In the video, on the right rein your right side and shoulder is turned into him which means your body language is blocking him. Open your shoulder and turn your left side into him so your shoulder has a line to his back end. Your left side should be encouraging him round, your right side leading him forward. Obviously on the opposite rein this changes.

There's a good article on lunging here:
Lorien Stable - The How and Why of Basic Lunging

Good luck


----------



## Tayz (Jan 24, 2009)

Thankyou for that. I love help and advice, I just know how itsy people on here get sometimes. But I love friendly helpful advice  will take a look at that tomorrow morning


----------



## Kelly22790 (Oct 23, 2011)

I agree with the advice given above me. You do have your shoulder closed (but I can tell that is because you are somewhat nervous....I would be too with a new horse). 


Looks like what my mare tries to pull on the lunge if I haven't been out in a few days (except she is sort of worse). She'll take off bolting and crow hopping etc. What I do then is get in front of her, stop her, and then send her out quickly again. If she does it again, we keep stopping/going until it ends. When she turns in towards you, I see a couple times where you take a step back. Do not back up or take any steps backwards! You must be lead mare (as I'm sure you know) and backing up is NOT what lead mares do.

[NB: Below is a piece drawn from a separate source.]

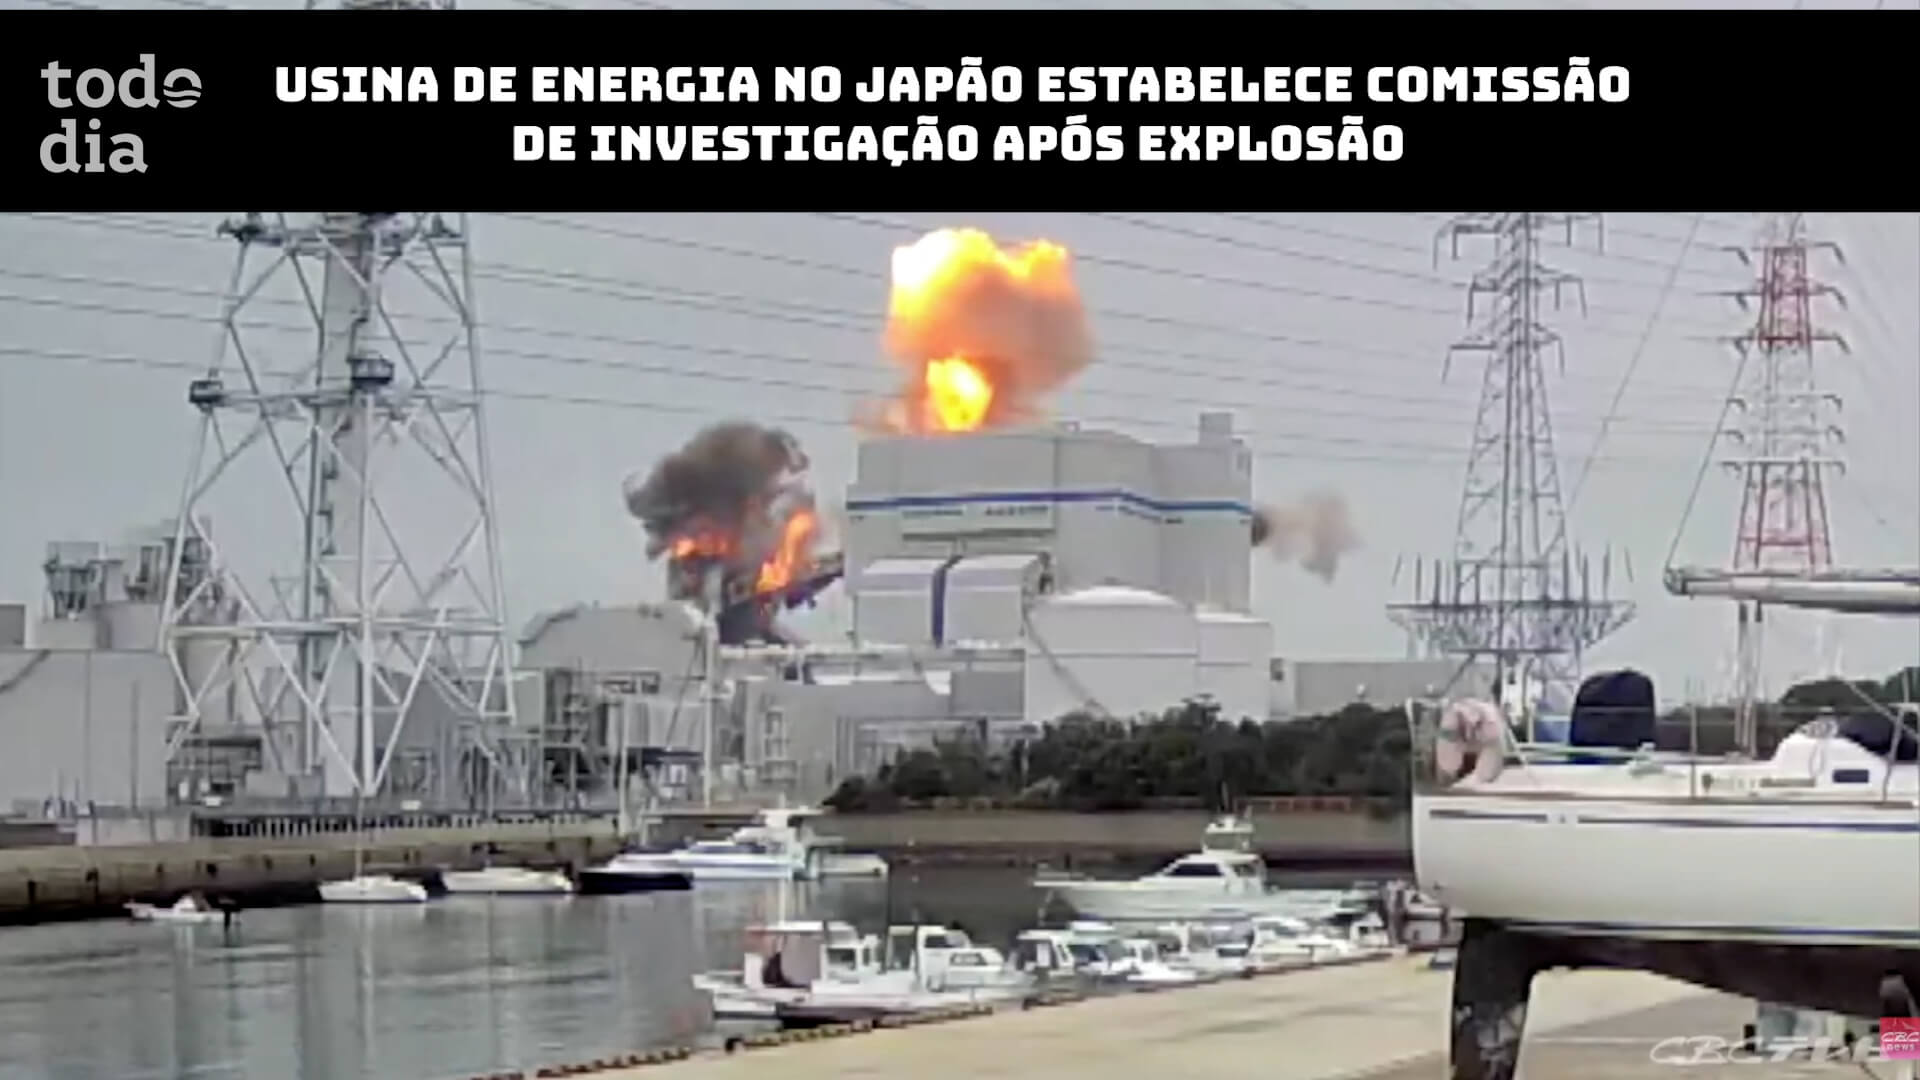 Usina de energia no Japão estabelece comissão de investigação após explosão 
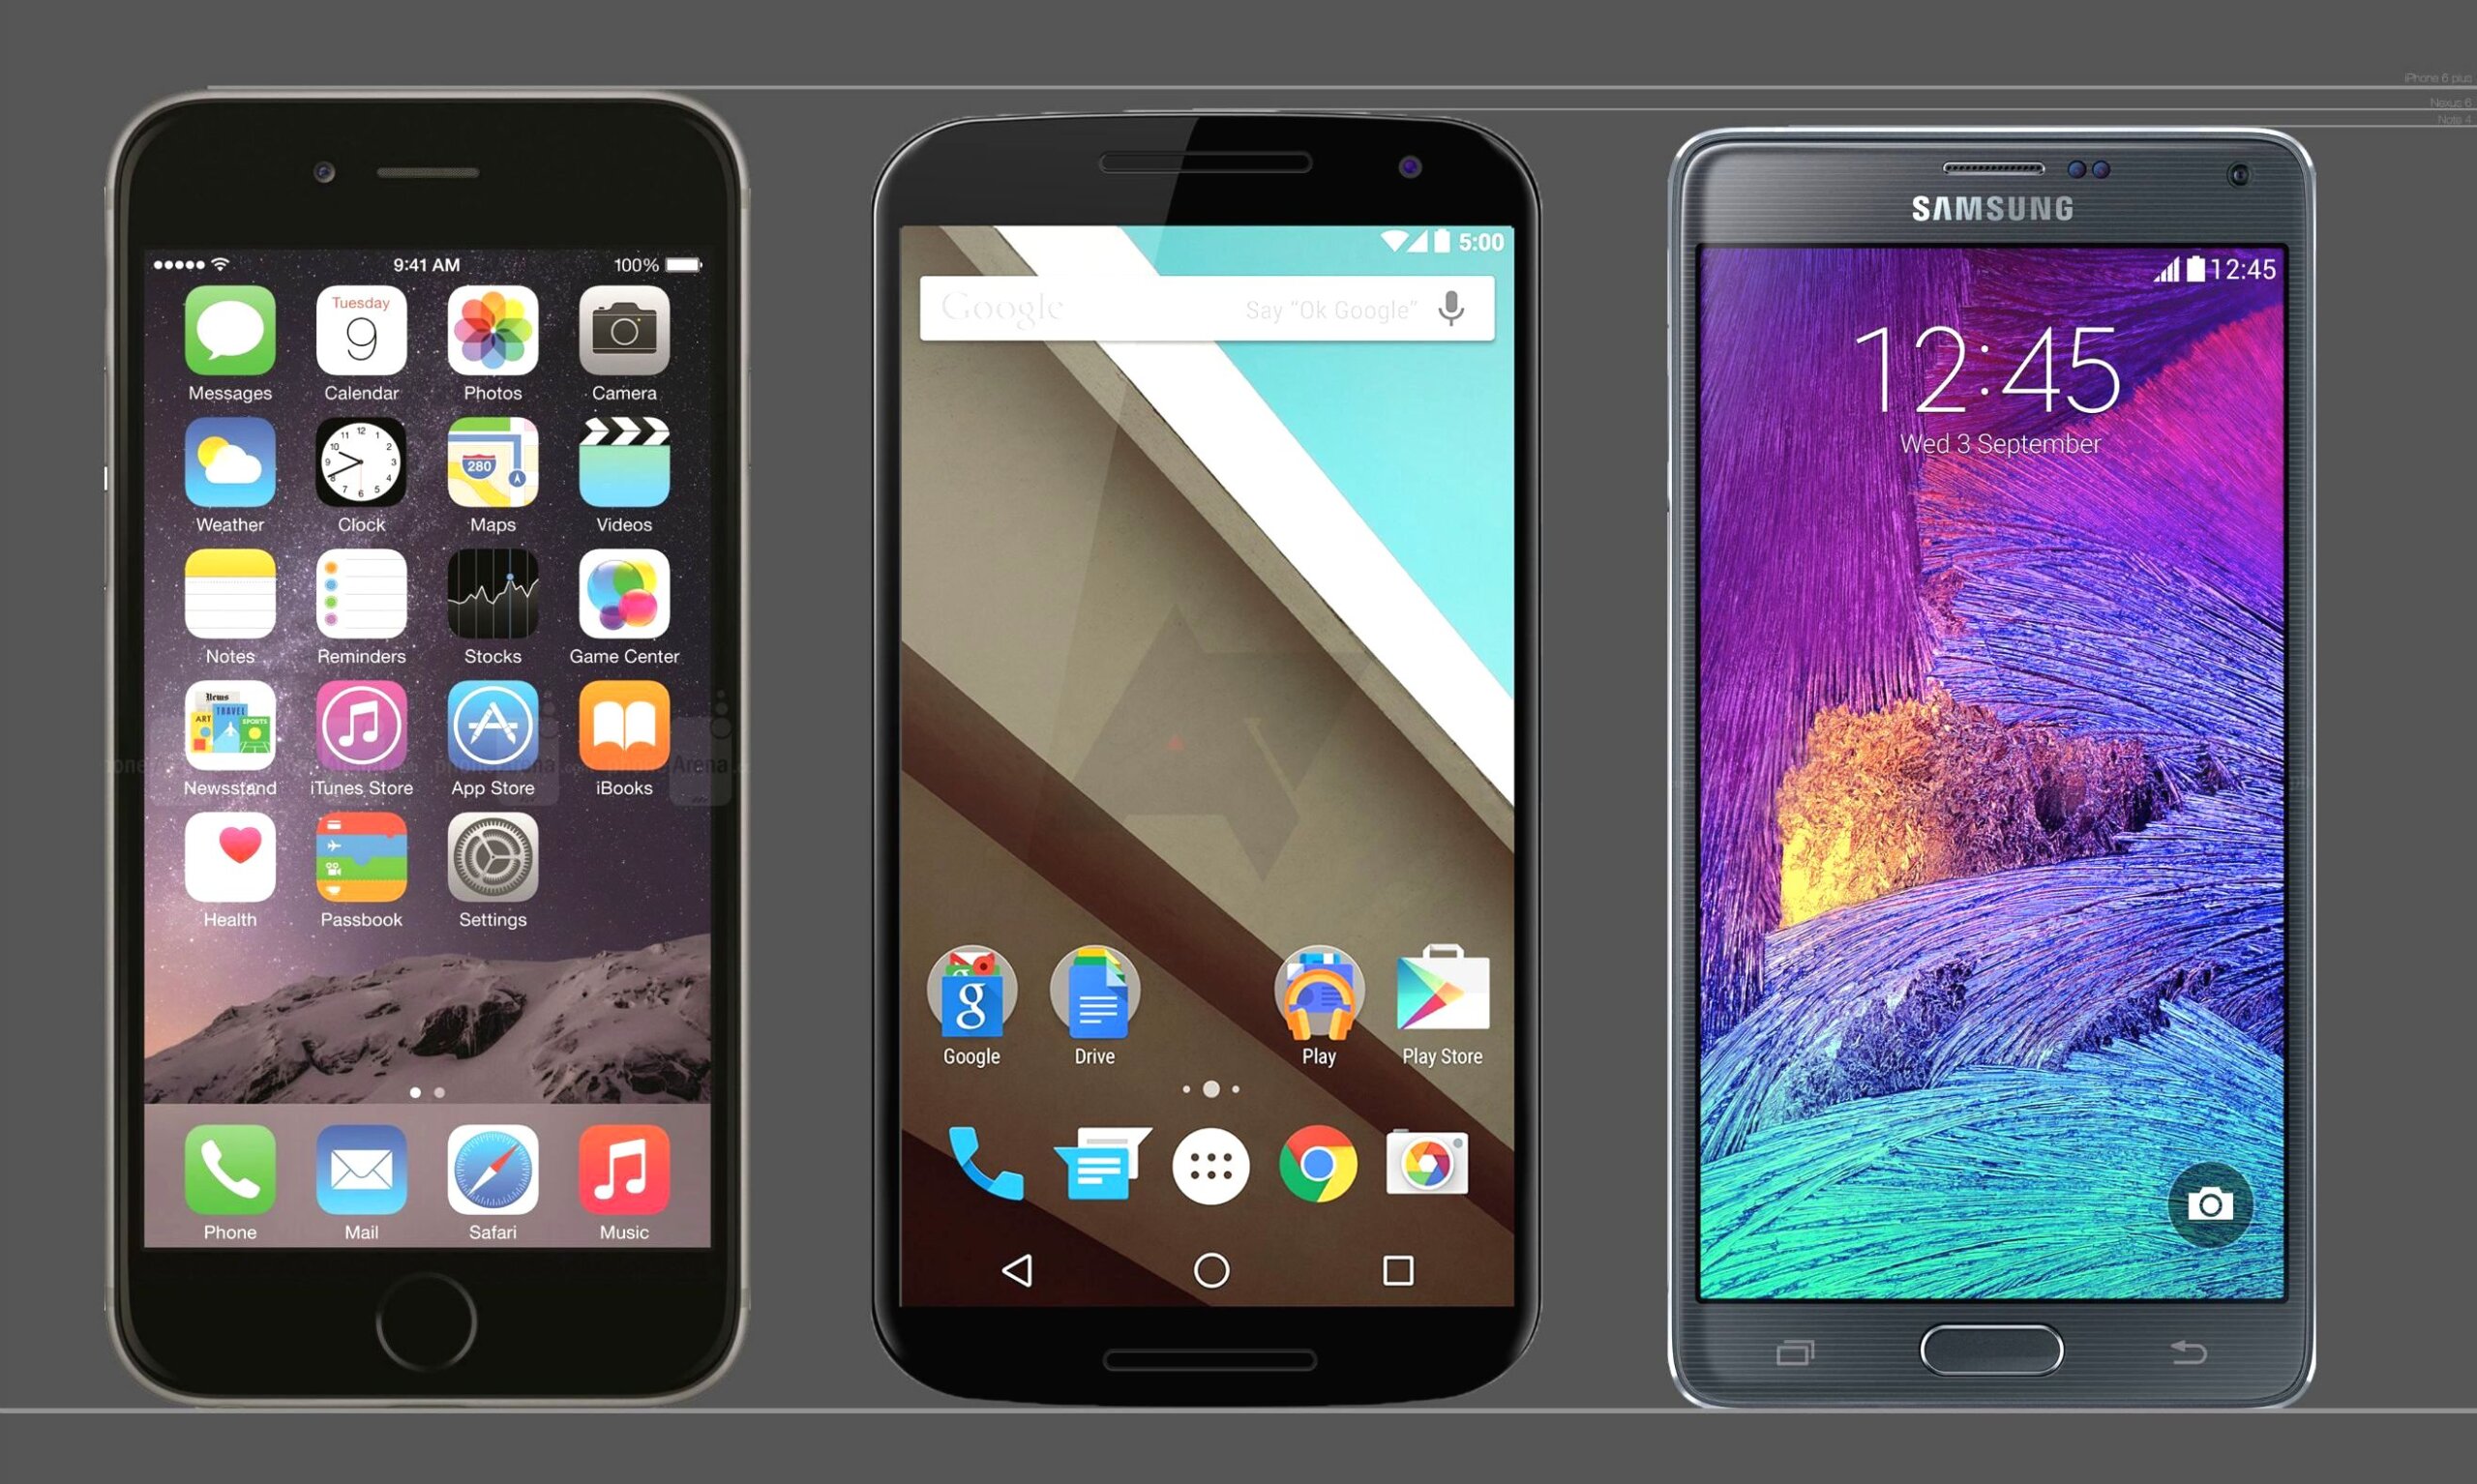 เจ๋งซะ MockUp ของ Nexus 6 แกะสลักจากไม้ จะเป็นอย่างไรเมื่อมาเทียบกับ Nexus 4 และ 7

If she turns towards you point the hand with the line in it the direction you want to go. If she doesn't go out, click to her and flick your whip. If she still doesn't go out well then fine, she had her chance to do it nicely and I would give her a slight tap with the whip. If she throws a fit when you do that, stop her, and send her back out. In my eyes, it is not acceptable to misbehave on the lunge line. The lunge line is an extension of your arm/body so if they think they can get away with it on the lunge why not try stupid stuff while riding? My trainer/coach tells me to pretend there is an invisible forcefield around me when she gets strong and fresh like that. I don't know how your mare is but my mare is easy to scare and boss around so it works with her. When I go to the right with her, she usually won't go out and she will start backing to avoid going out. So I make the back unpleasant by COMING AT HER WITH A PURPOSE....that purpose being "I'm boss, you're not listening, BACK UP....NOW." You should see how quickly she backs LOL. 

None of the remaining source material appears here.